Un argument qui a perdu son appui après que le gouvernement vénézuélien a invité l'ONU et l'Union européenne (mais pas l'OEA) à envoyer des observateurs électoraux. Une invitation compliquée pour les Européens, qui reconnaissent la "présidence" de Guaidó. Pourtant, la semaine dernière, un autre leader de l'opposition, l'ancien candidat à la présidentielle Henrique Capilles, a relevé le défi et annoncé sa participation aux élections. "Nous n'allons pas laisser les gens sans option, qui doivent choisir entre des scorpions ou Maduro, entre des adversaires déguisés en Maduro et Maduro. Nous n'allons pas présenter l'Assemblée nationale à Maduro », a déclaré Capriles. Il a également apprécié l'invitation à l'ONU et à l'Union européenne. "Je n'ai pas fait ça depuis 2006", a-t-il déclaré. De cette manière, Capriles assume la direction d'une opposition qui apparaît fragmentée entre ceux qui s'opposent aux élections et entre ceux qui ont accepté de participer, mais n'a pas eu une large représentation parmi les groupes opposés. Le président du Venezuela, Nicolás Maduro, après avoir gracié 111 opposants détenus, a annoncé vendredi dernier, le 4 septembre, le renouvellement de son cabinet, avec huit ministres se présentant aux élections parlementaires.
Une élection de plus : la BID
Il y a cependant une autre élection dans ces semaines. Le 12 septembre, les actionnaires de la Banque interaméricaine de développement (BID) élisent son président. Cette fois-ci, l'élection a provoqué des réactions mitigées après que l'administration Trump a annoncé son intention de se présenter comme candidat Mauricio Claver-Carone, un fonctionnaire d'origine cubaine, né à Miami, directeur pour l'Amérique latine au Conseil de sécurité nationale du gouvernement américain, partisan d'une politique agressive envers des pays comme le Venezuela et Cuba.
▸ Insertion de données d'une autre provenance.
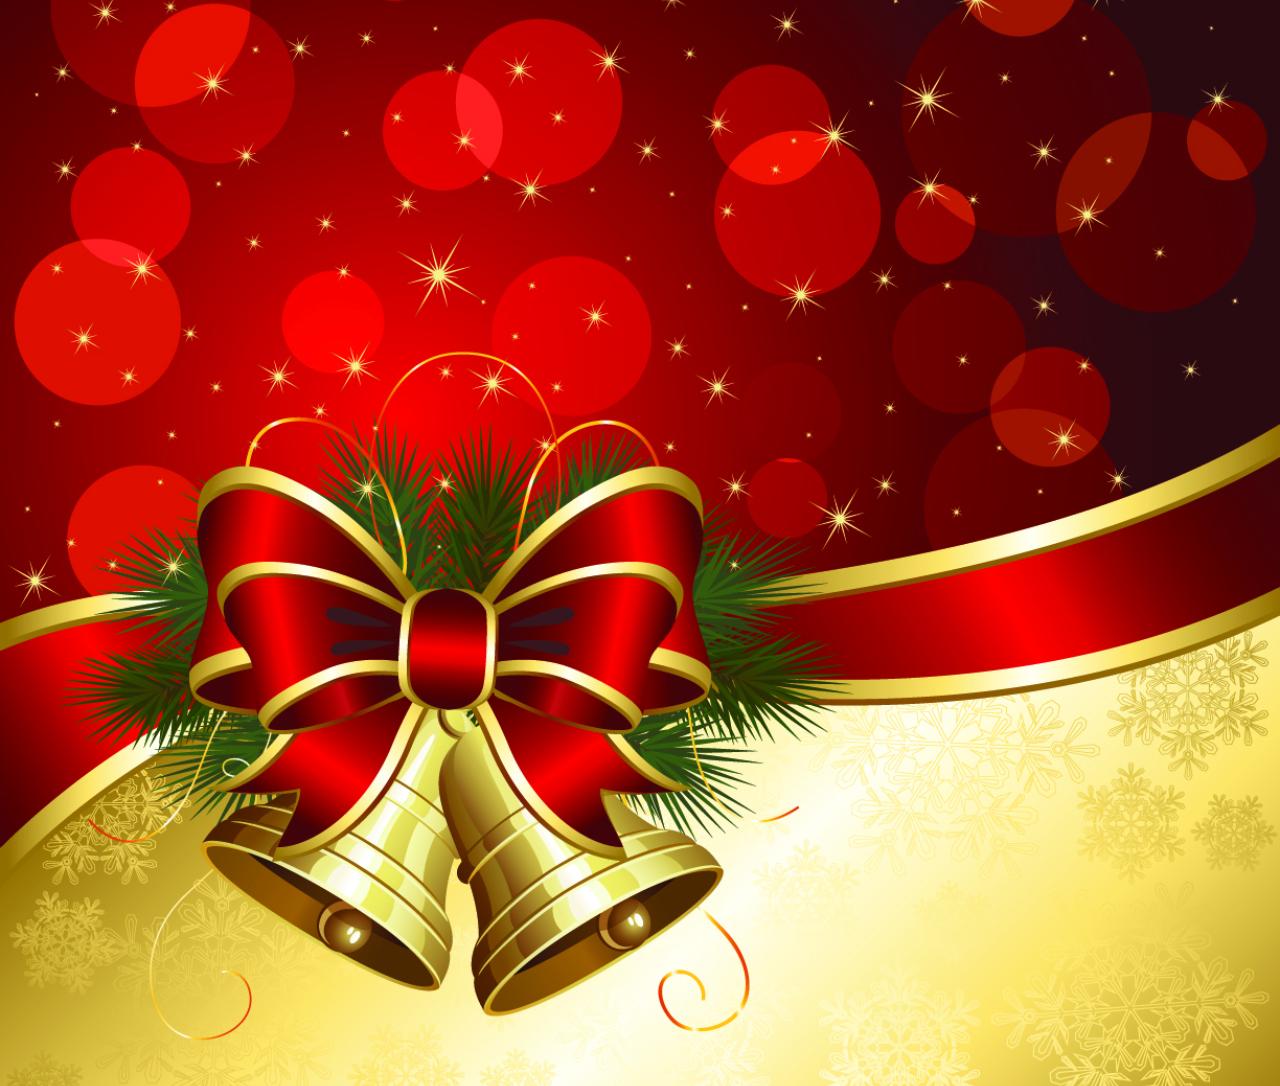 HAPPY MERRY CHRISTMAS

L'appellation rompt avec une tradition. Le président de la BID a toujours été un latino-américain, avec un vice-président américain. "Mon père est né à Madrid, ma mère est née à La Havane et je suis né à Miami. Je parle espagnol aussi bien que n'importe quel autre candidat. Qu'est-ce qui nous rend moins latino-américains qu'eux ?", a demandé Claver-Carone dans une interview avec Amanda Mars, du journal Le Pays. Il a également rappelé que l'actuel président, le Colombien Luis Alberto Moreno, est né à Philadelphie et est citoyen américain. Après avoir annoncé son intention de lancer sa candidature pour le poste en février, l'ancienne présidente du Costa Rica, Laura Chinchilla, a décidé de retirer sa candidature la semaine dernière après avoir échoué à négocier un changement de position avec les États-Unis. La décision américaine a été critiquée par un groupe d'anciens présidents latino-américains aux positions « modérées », qui ont déclaré que la décision de Washington « n'annoncerait pas de bons moments pour l'avenir de l'entité ».
Gilberto Lopés est journaliste, docteur en études sociales et culturelles de l'Université du Costa Rica (UCR).